Семью Цаликовых в Пятигорске знали и любили. Как во всяком маленьком городке, все события принимались здесь близко к сердцу. И теперь в Пятигорске только и разговоров было, что о гибели Дзамболата Дзахсорова и о горе бедной невесты.

Поначалу Анна была оглушена случившимся. Все произошло так неожиданно. Но порой, упрекая сама себя, девушка чувствовала, что к ее грусти с каждым днем все отчетливее примешивалась тревога за собственное будущее — ведь еще недавно оно казалось таким прочным и благополучным!

«Но разве я не любила его?» — спрашивала она себя, вызывая в памяти встречи, разговоры, прогулки, перечитывая нежные письма и записки Дзамболата, перебирая его подарки. Все это трогало ее и сейчас, но, хотя после смерти жениха прошло всего несколько месяцев, — время сделало свое, и воспоминания отдалялись и теперь уже были дороги ей, как бывают дороги воспоминания детства.

Постепенно жизнь входила в свою колею. Анна вновь стала преподавать в гимназии, а по вечерам появлялась в столовой, где обычно собиралось довольно много гостей. Она возвращалась к прежней своей привычной жизни, и лишь изредка с грустью поглядывала на закрытое фортепьяно, за которым они не раз музицировали с Дзамболатом, или ловила себя на том, что прислушивается, не раздастся ли в передней легкое звяканье его шпор.
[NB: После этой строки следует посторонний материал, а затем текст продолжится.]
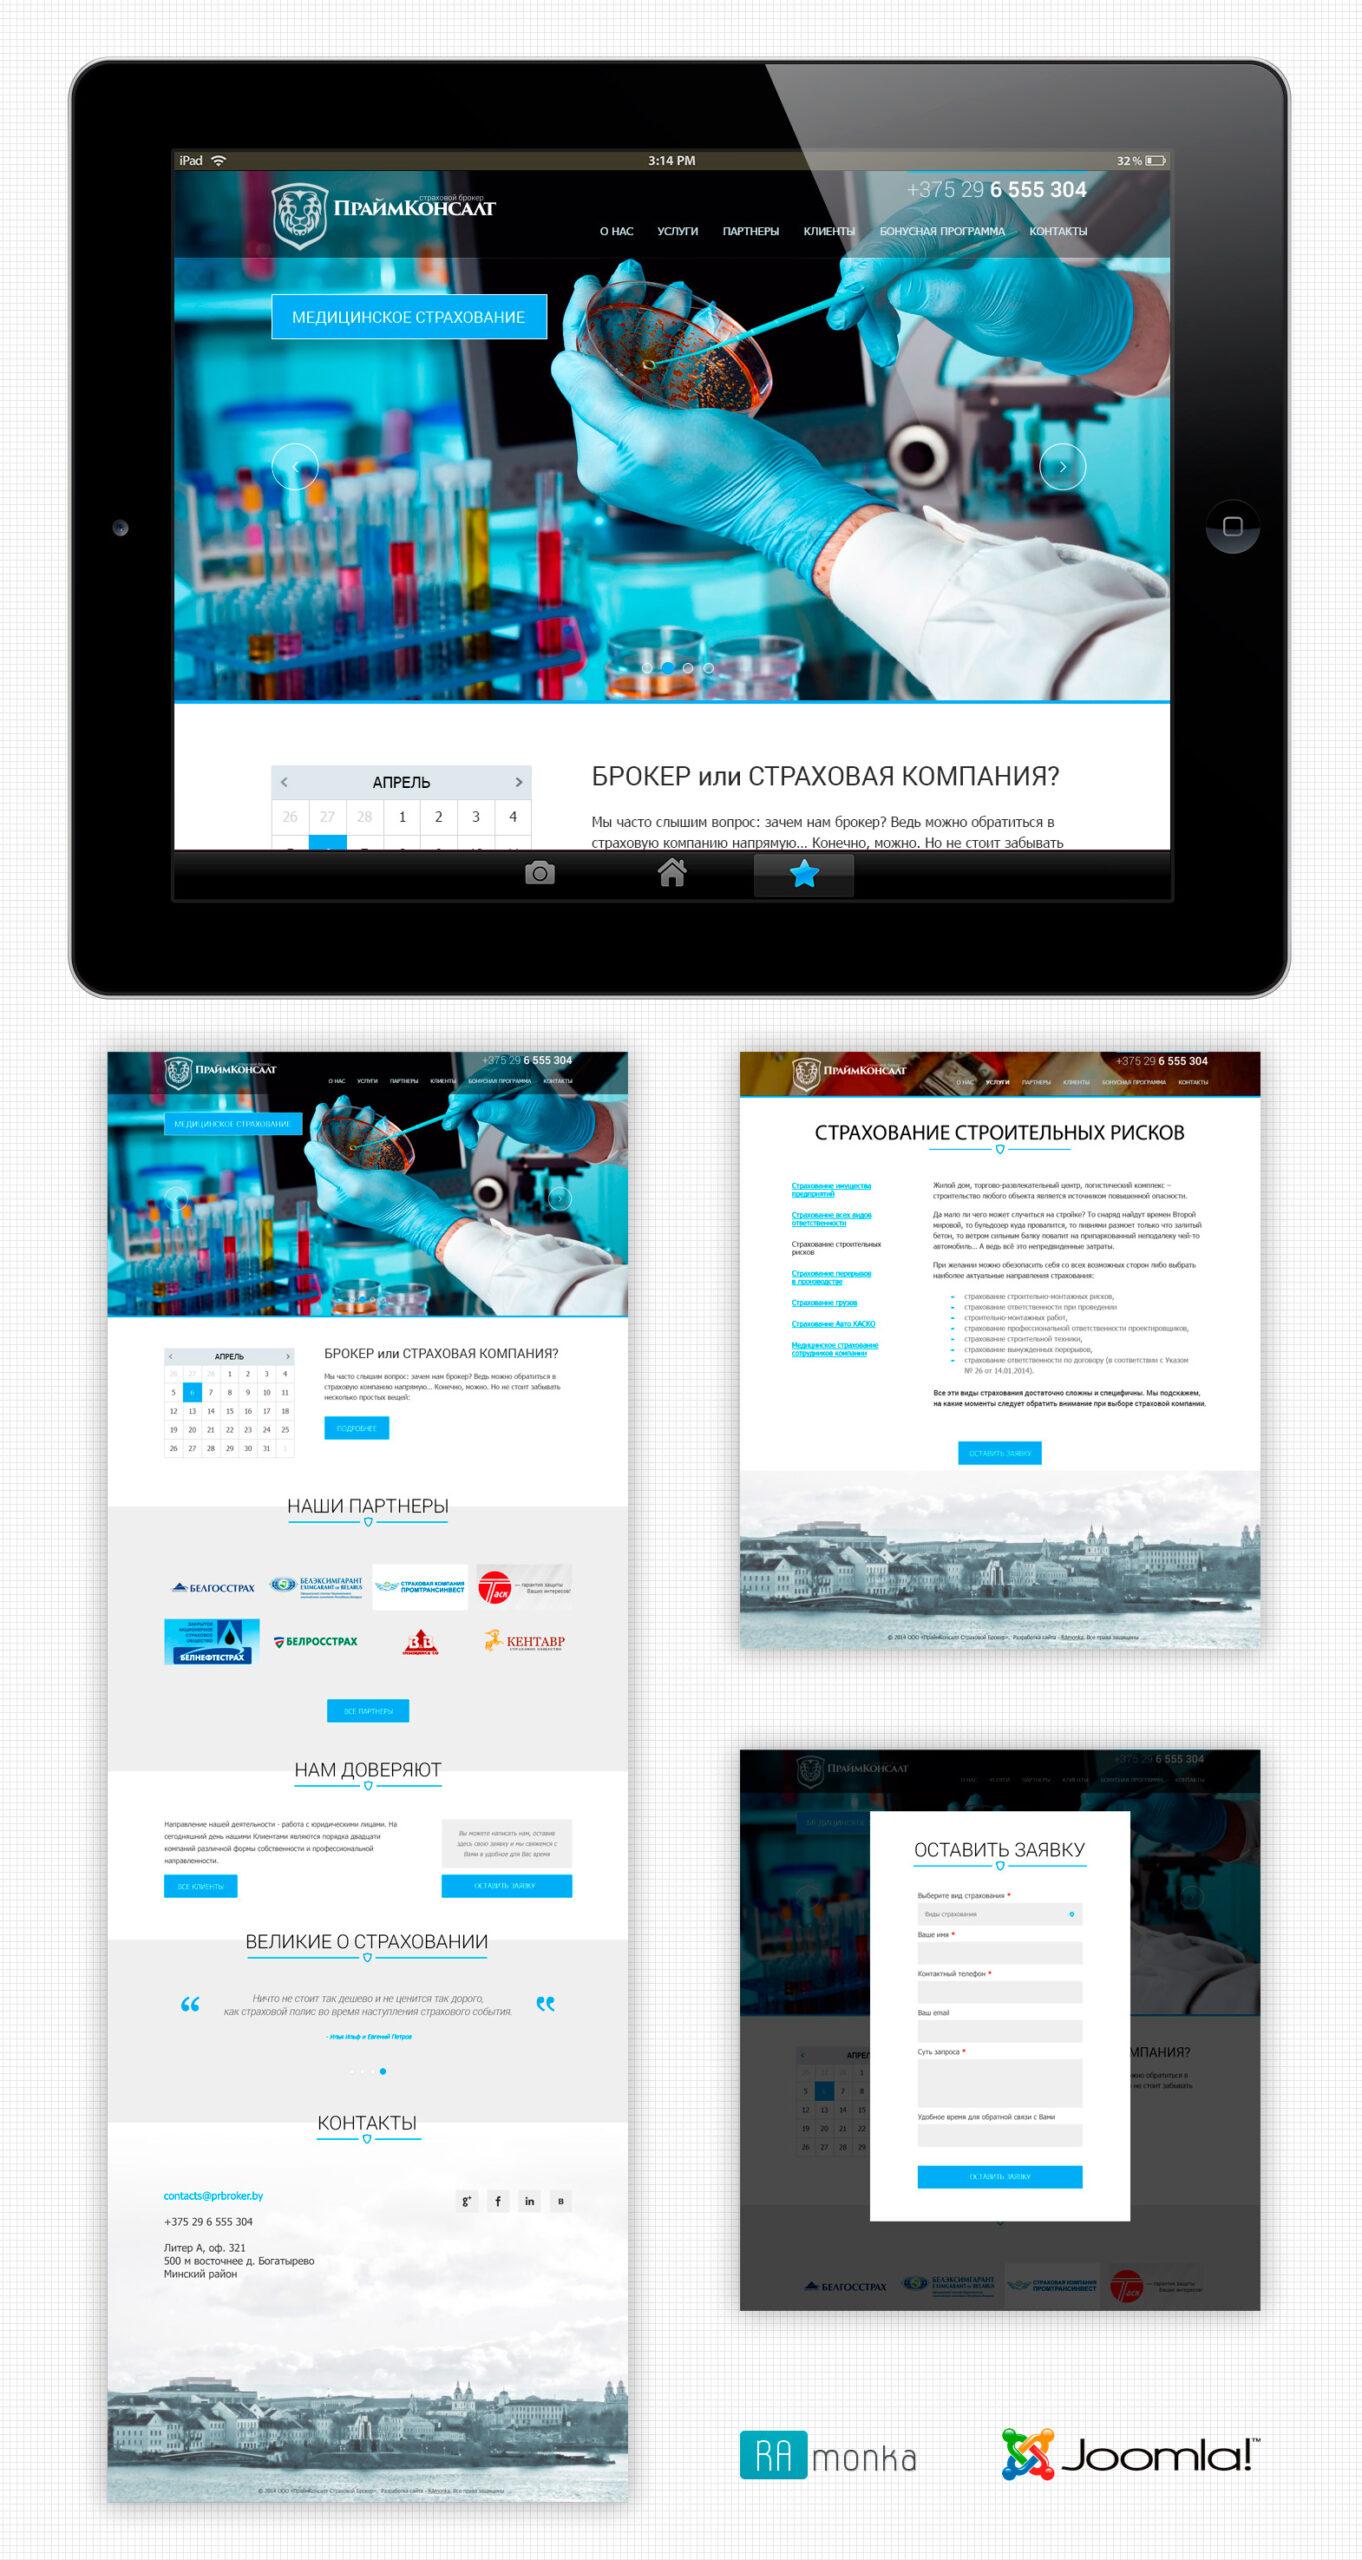 Разработка сайта под ключ на CMS Joomla для страхового брокера ПраймКонсалт

Она поглядывала в угол, где на гнутом диванчике, возле высокого подсвечника он любил сиживать, влюбленным взглядом ловя каждое ее движение. И тогда слезы вновь набегали на ее глаза, и Анна чувствовала пустоту, которая образовалась вокруг нее со смертью Дзамболата. Она уходила к себе в комнату и плакала, зарывшись в подушку, и слезы приносили ей облегчение.